Under the CIP, the number of electric and gas customers drives margin, and residential customer growth for both segments was about 1% over the past year. On our regulated capital spending program, PSE&G invested approximately $800 million during the first quarter, and we remain on track to execute our full-year 2026 plan of approximately $4.2 billion, focused on continued investments in infrastructure modernization, energy efficiency, electrification initiatives, and load growth. We have also maintained our five-year regulated capital investment plan of $22.5 billion to $25.5 billion through 2030. PSE&G began the next phase of the GSMP III program in the first quarter, and we anticipate investing a total of $1.4 billion over the three-year period.

The GSMP III program's total includes approximately $1 billion in accelerated recovery and $360 million in stipulated base. Also in the first quarter, the BPU certified the results of the annual New Jersey Basic Generation Service, or BGS, auction that was held to secure electricity for customers that have not selected a third-party supplier. These auction results will have the effect of lowering the cost of electricity supply by 1.8% on PSE&G residential electric bills for energy and capacity starting June 1.

Moving to PSEG Power and Other, for the first quarter of 2026, we reported net income of $164 million compared to $43 million in 2025, while non-GAAP operating earnings were $201 million for the first quarter compared to $172 million for 2025. Referring again to the waterfall on slide 9, the first quarter 2026 net energy margin was flat compared to the year-earlier quarter, as higher gas operations and capacity prices were offset by the absence of zero emission certificates, lower generation volume, and the absence of fuel and energy management fees under the renewed LIPA contract, which commenced in January 2026.

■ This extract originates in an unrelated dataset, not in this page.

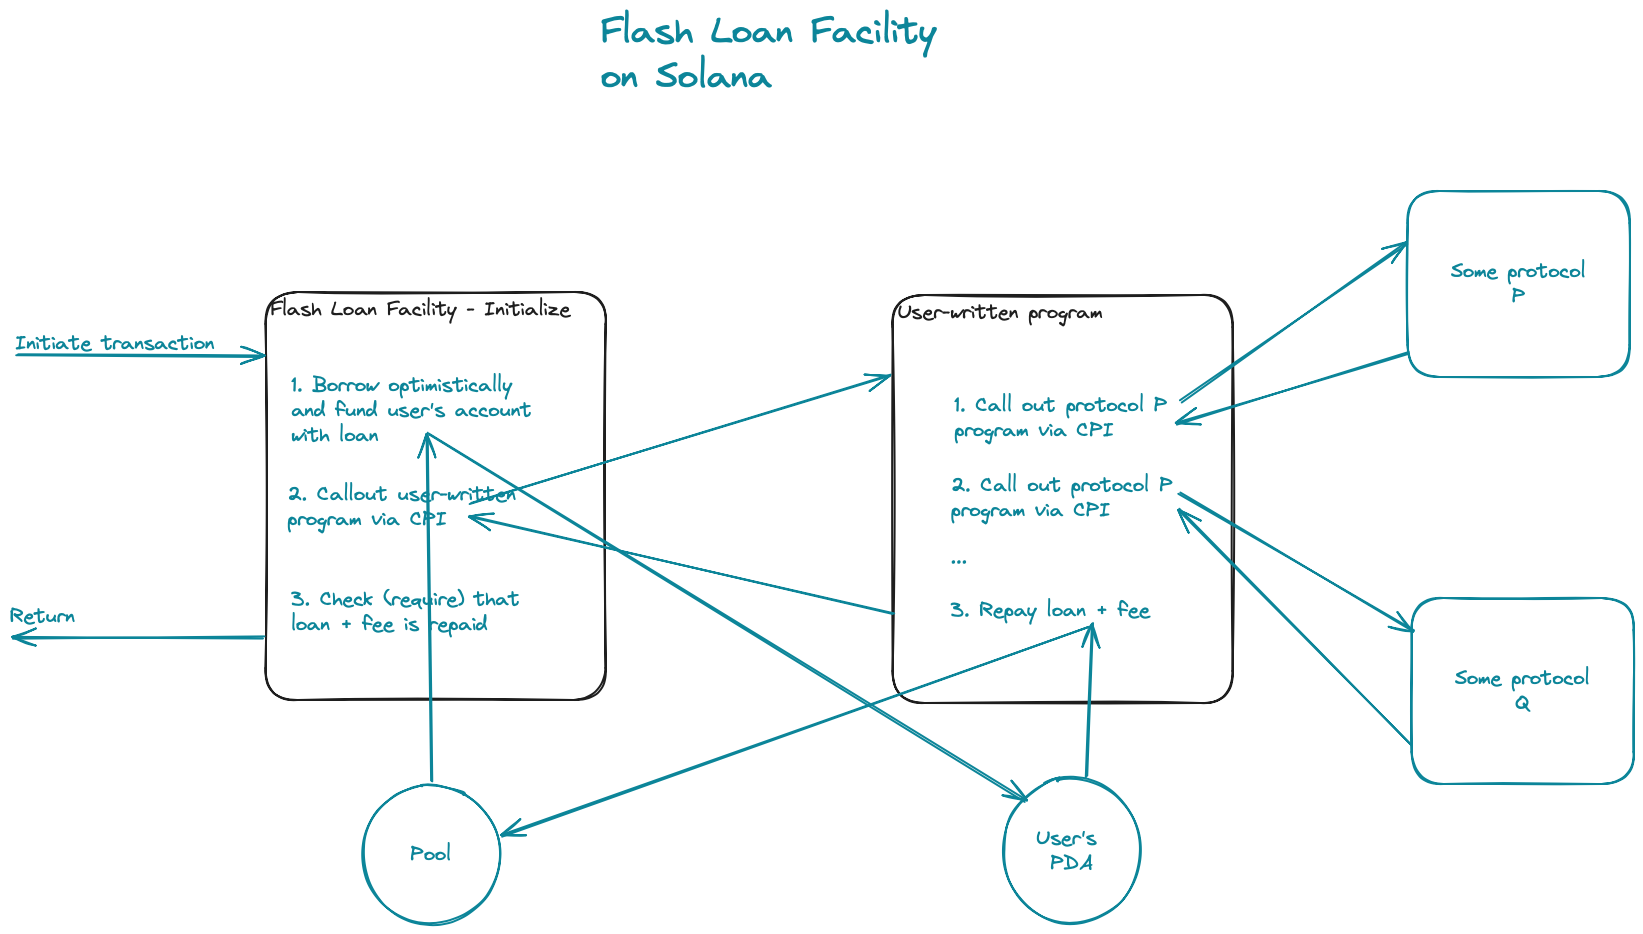 Flash Loan Facility

O&M costs declined in the quarter, providing a $0.06 per share benefit compared to the same period in 2025, primarily reflecting a net reduction in operational expenses and an adjustment to tax reserves. The impact of higher interest costs and lower depreciation expense netted to a drag of $0.01 per share in the first quarter, reflecting incremental debt at higher interest rates partly offset by lower depreciation expense, reflecting our expectation that the NRC will approve a 20-year license extension for the New Jersey nuclear units. Lastly, taxes and other items had a net favorable impact of $0.01 per share in the quarter compared to 2025.

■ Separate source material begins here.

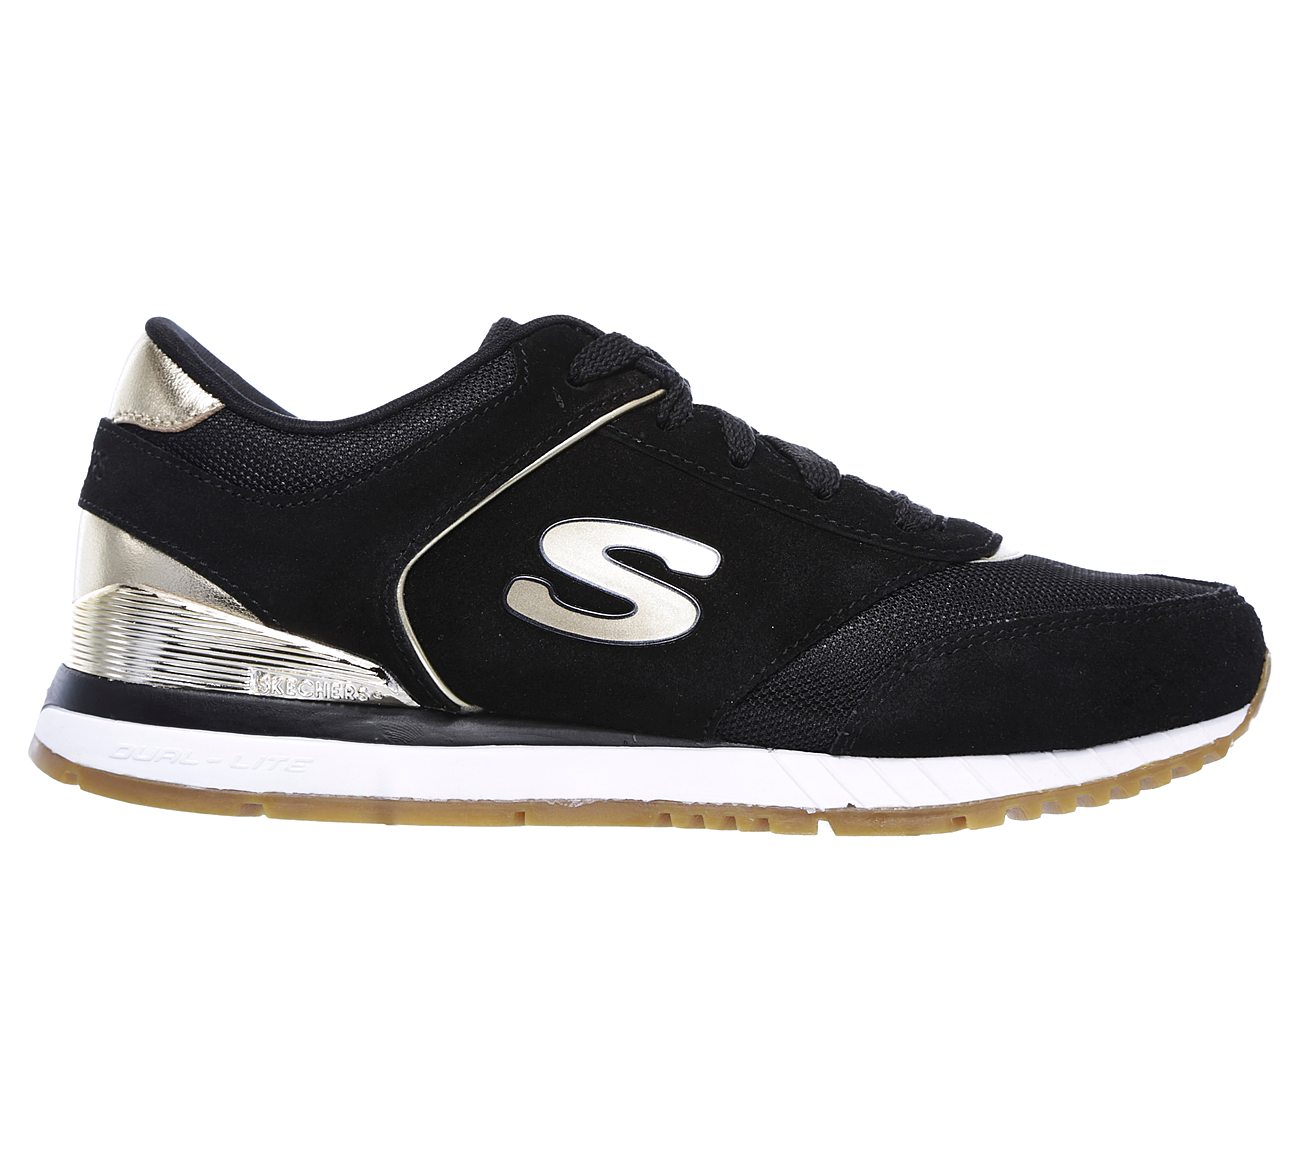 Buy SKECHERS Sunlite - Revival Originals Shoes

Touching on some recent financing activity, Public Service Enterprise Group Incorporated had ample liquidity totaling $3.9 billion at March. This includes approximately $400 million of cash on hand, primarily related to net PSE&G financing activity during the quarter. Public Service Enterprise Group Incorporated entered into a $500 million, 364-day variable rate term loan in February, further supporting our liquidity position. Also during the quarter, all of our revolving credit facilities totaling $3.75 billion were extended by two years through March 2031. On the financing front this past January, PSE&G issued $1 billion of secured medium-term notes, or MTNs, consisting of $500 million of 4.20% MTNs due 2031 and $500 million of 5.63% MTNs due 2056.

A portion of these proceeds were used to repay $450 million of MTNs at just under 1% that matured in March 2026. Public Service Enterprise Group Incorporated also has limited exposure to variable-rate debt, which totaled approximately $915 million and consists of two 364-day term loans and commercial paper, and represented a low 4% of our total debt at March.

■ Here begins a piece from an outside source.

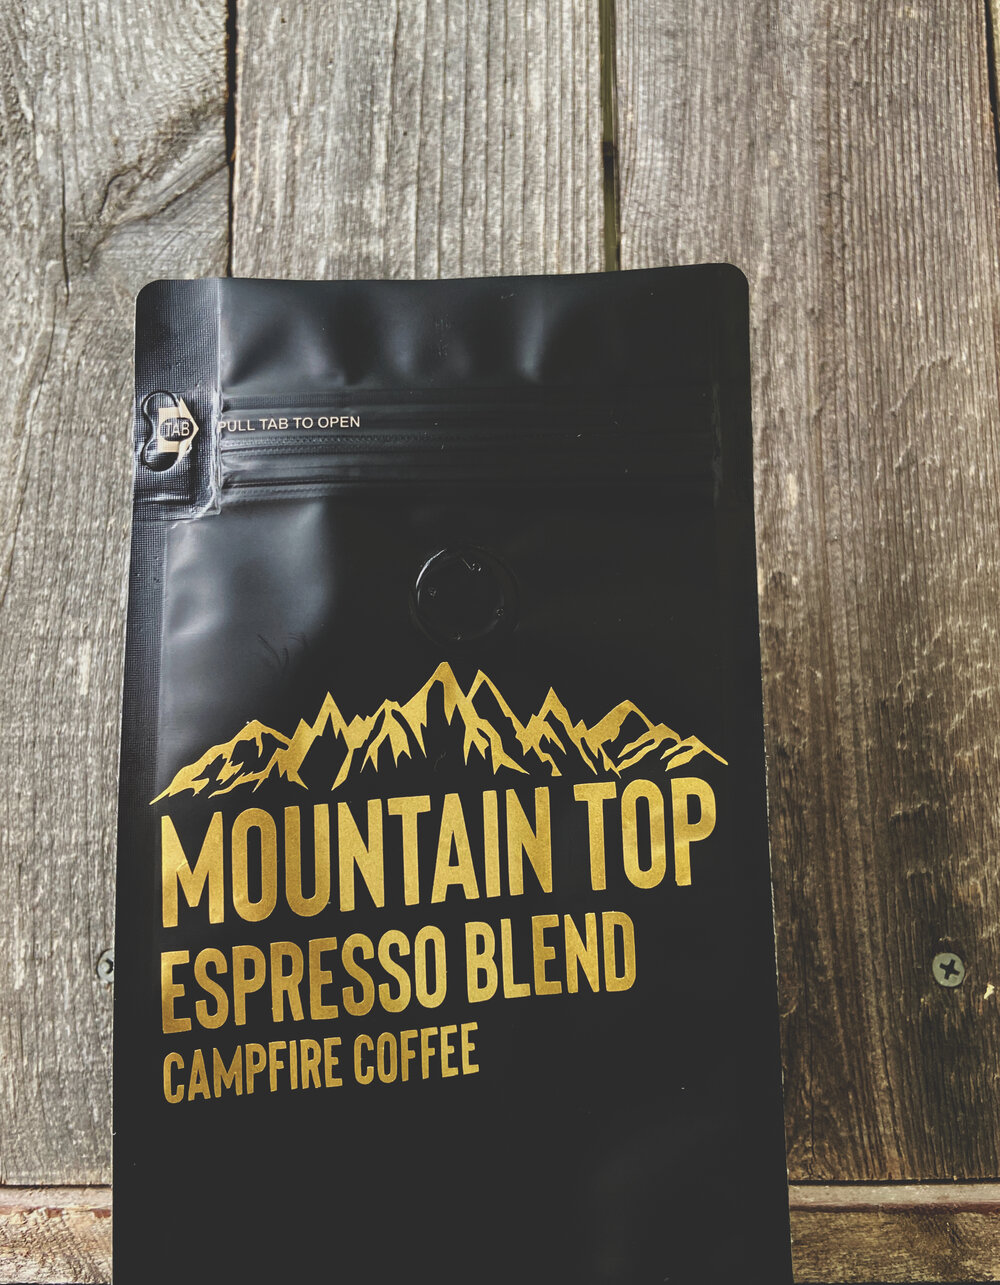 Campfire Coffee Co. - Mountain Top Espresso Blend - Whole Bean

Looking ahead, our solid balance sheet continues to support the execution of Public Service Enterprise Group Incorporated's five-year capital spending plan directed mostly to regulated CapEx, without the need to issue new equity or sell assets, and provides for the opportunity for consistent and sustainable dividend growth, as demonstrated by the 2026 indicative annual rate of $2.68 per share established by our board in February. This new dividend rate represents an annualized increase of approximately 6% for 2026 and marks our fifteenth consecutive annual increase. In closing, we delivered solid operating and financial performance to begin the year and are maintaining Public Service Enterprise Group Incorporated's full-year 2026 non-GAAP operating earnings guidance of $4.28 to $4.40 per share.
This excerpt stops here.